One way is the ISIS way. I haven’t noticed any caricatures of Mohammed appear in the international media lately. People like Antunes have come to realize that it’s much safer to be anti-Semitic than to be anti-Muslim, and they act accordingly. A beautiful Arab proverb sums up this tactic succinctly: “Love me. If you can’t love me, then respect me. And if you can’t love me and you can’t respect me, then fear me.”
This approach is simple and effective, but there’s another way to combat the current wave of anti-Semitism, and, in the long run, it works better. It begins with the realization that filth, false accusations, and fake news are all weapons of the weak. People resort to them when the truth doesn’t serve their purposes. However, at least some of the people who produce anti-Semitic filth, and most of the people who consume it, actually believe in it. How do you convince them otherwise?

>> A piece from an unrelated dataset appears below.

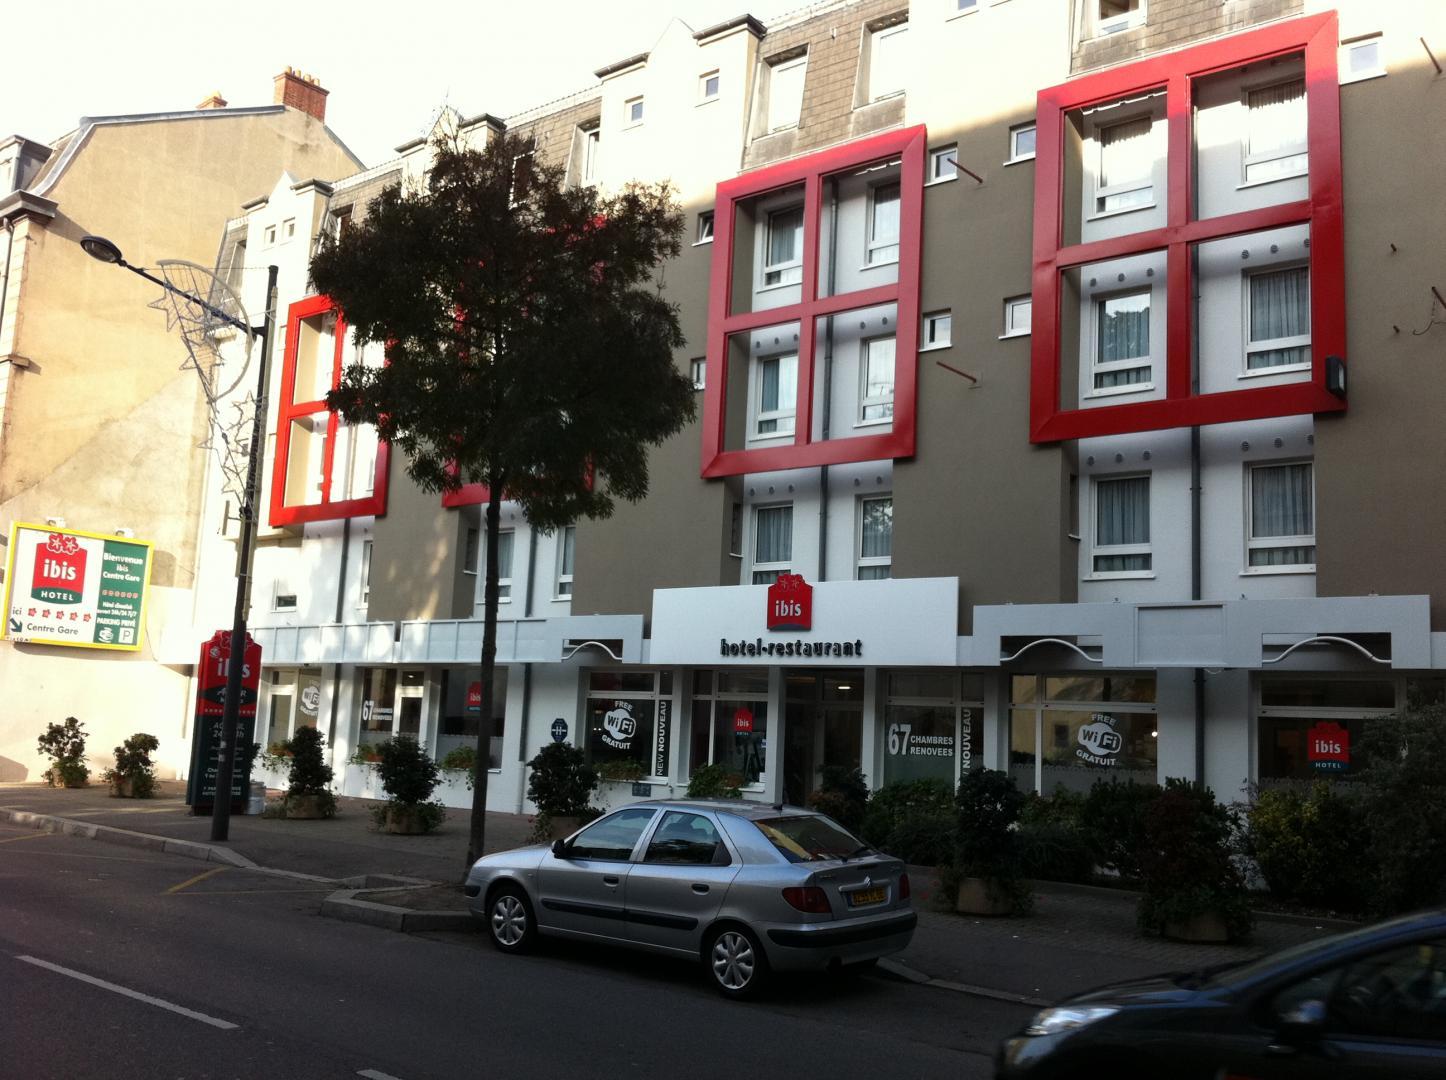 s minaire mulhouse h tel ibis mulhouse centre gare alsameeting. Black Bedroom Furniture Sets. Home Design Ideas

Mahatma Gandhi, perhaps the most successful politician of the 20th century, famously commented that:
“Truth needs no publicity other than itself, and like a small stone thrown into a pond, its ripples will in time inevitably reach the circumference. The only thing to consider is the solidity and the weight of the stone.”
So, the best approach against anti-Semites such as António Moreira Antunes, Jeremy Corbyn, and the like, is not to produce more enraged and inflammatory rhetoric, but rather to speak softly, and carry a big stone.